Des dizaines de chefs d’État et d’autres hauts responsables du MNA, formé officiellement en 1961 par des pays opposés à l’adhésion à l’un ou l’autre des deux principaux blocs militaires et politiques de l’époque de la guerre froide, participent à ce sommet en Ouganda.

Israël a lancé son offensive à Gaza après l’attaque du groupe militant islamiste Hamas du 7 octobre au cours de laquelle les responsables israéliens affirment que plus de 1 200 Israéliens et étrangers ont été tués et 240 pris en otages. La campagne militaire a tué plus de 24 000 Palestiniens, selon les autorités sanitaires de Gaza.

« Depuis le 7 octobre, nous avons assisté à l’un des actes de génocide les plus cruels jamais enregistrés dans l’histoire », a déclaré le vice-président cubain, Salvador Valdes Mesa, dans un discours aux délégués.

« Comment les pays occidentaux, qui prétendent être si civilisés, peuvent-ils justifier le meurtre de femmes et d’enfants à Gaza, les bombardements aveugles d’hôpitaux et d’écoles et la privation d’accès à l’eau potable et à la nourriture ? » s’est-il interrogé.

Moussa Faki Mahamat, président de la commission de l’Union africaine, a appelé à la fin immédiate de ce qu’il a qualifié de « guerre injuste contre le peuple palestinien ».

Presque tous les pays africains appartiennent au MNA, représentant près de la moitié de ses membres, tandis que les autres membres vont de l’Inde et de l’Indonésie à l’Arabie saoudite en passant par l’Iran, le Chili, le Pérou et la Colombie.

Israël a déclaré qu’il agissait en état de légitime défense et a rejeté les accusations de génocide, notamment dans l’affaire intentée contre lui par l’Afrique du Sud devant la plus haute juridiction des Nations Unies.

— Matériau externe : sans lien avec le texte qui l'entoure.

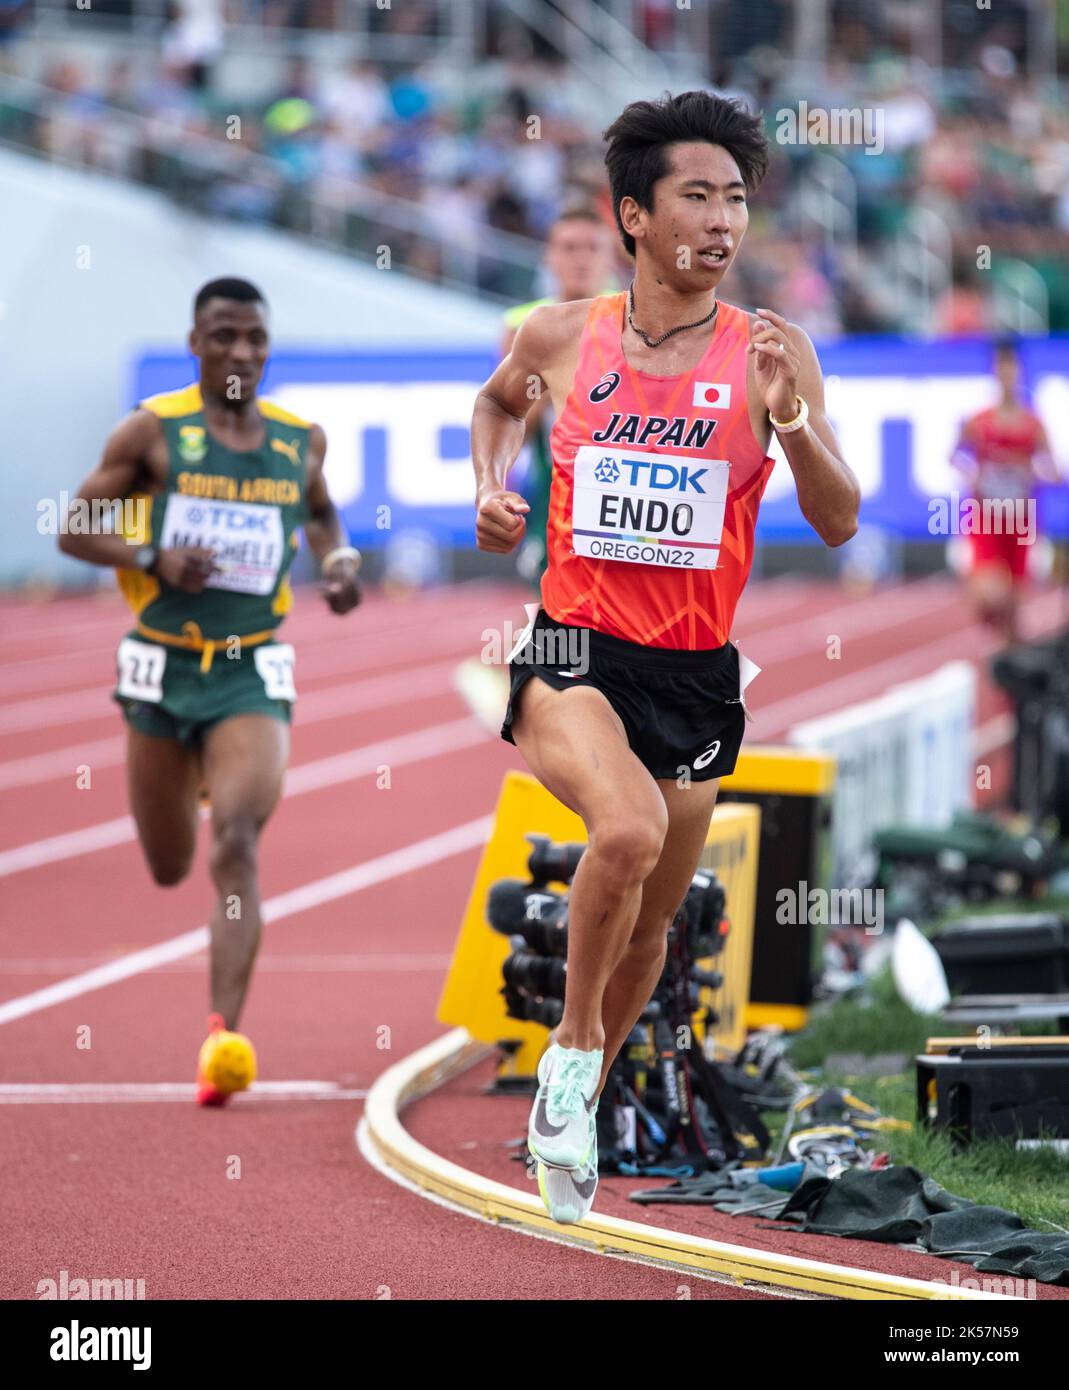 Hyuga Eendo of Japan competing in the men’s 5000m heats at the World Athletics Championships, Hayward Field, Eugene, Oregon USA on the 21st July 2022. Stock Photo
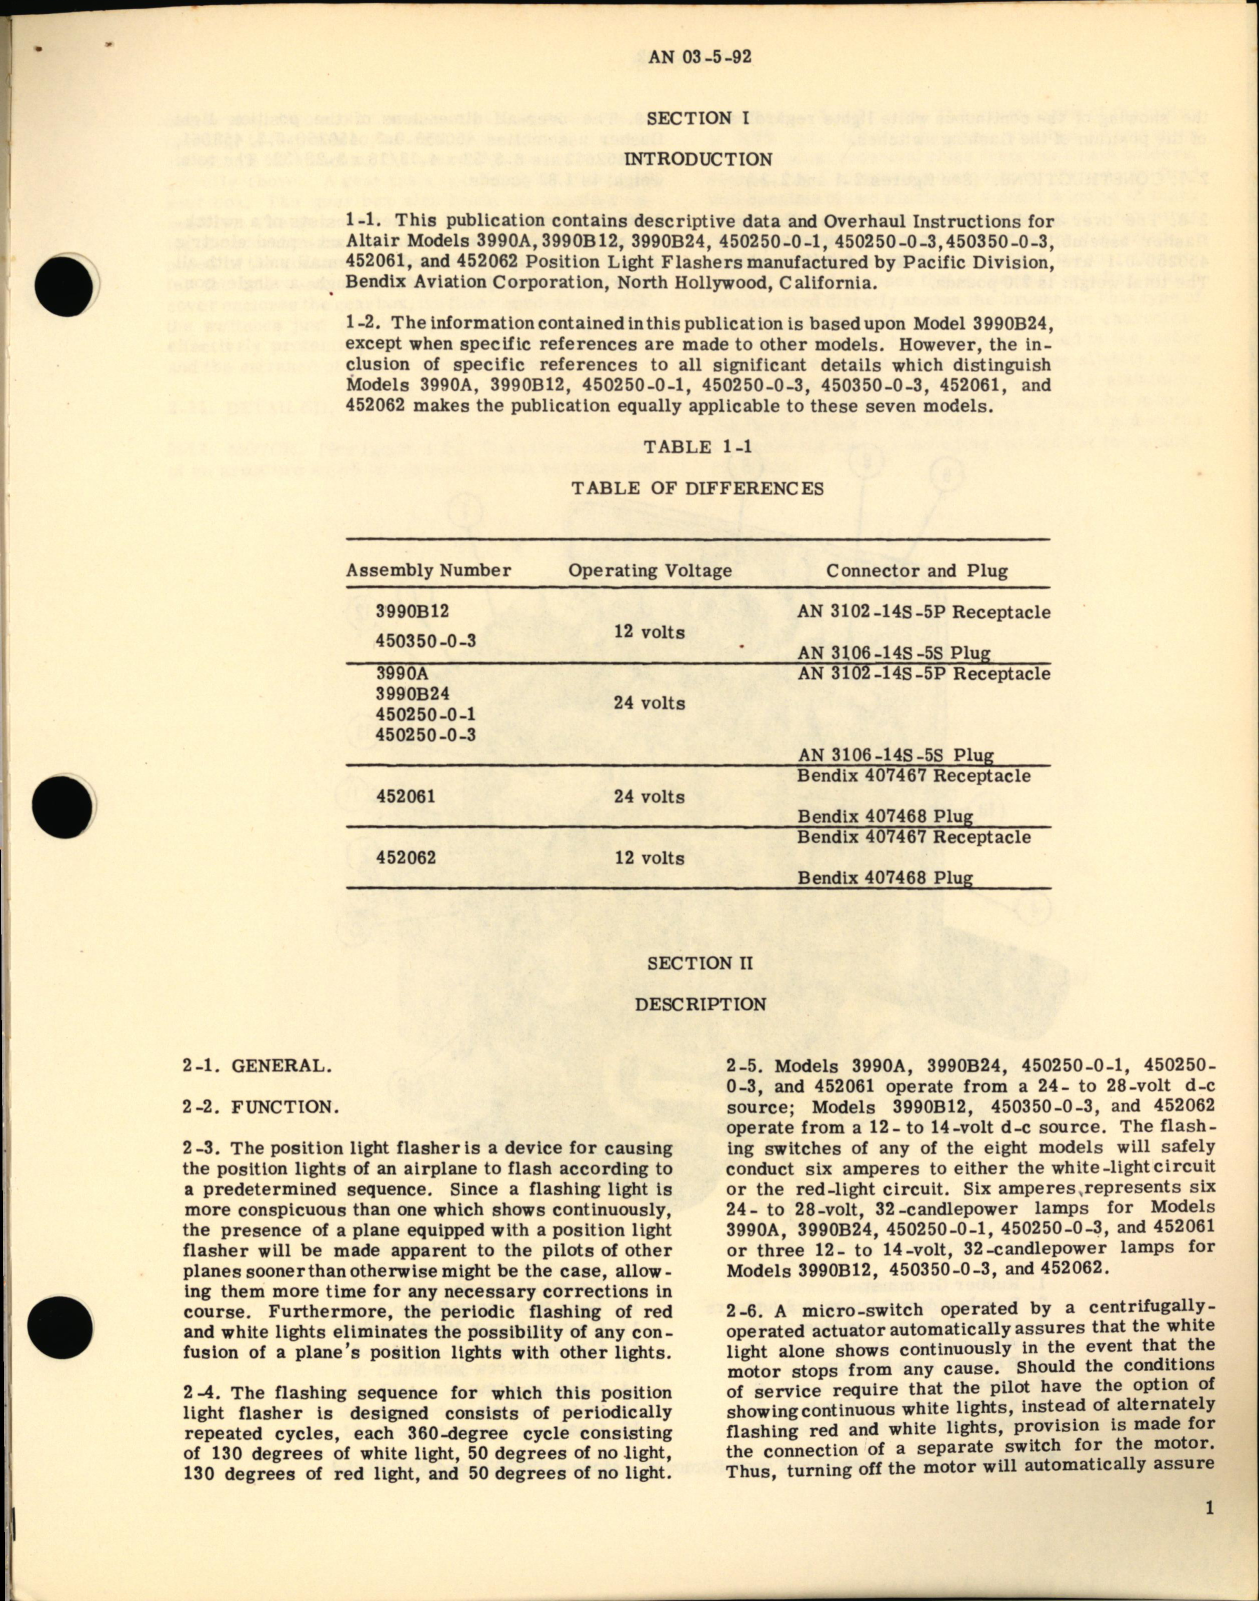 Sample page 5 from AirCorps Library document: Overhaul Instructions for Position Light Flashers

S’exprimant lors du sommet, le président sud-africain Cyril Ramaphosa a déclaré que la guerre à Gaza avait démontré l’insuffisance des Nations Unies, en particulier du Conseil de sécurité, où les États-Unis ont opposé leur veto à plusieurs résolutions critiquant Israël.

« Nous devons établir un système de gouvernance mondiale juste et équitable, capable de répondre aux besoins de toutes les personnes se trouvant dans des situations de menace et de préjudice », a déclaré Ramaphosa.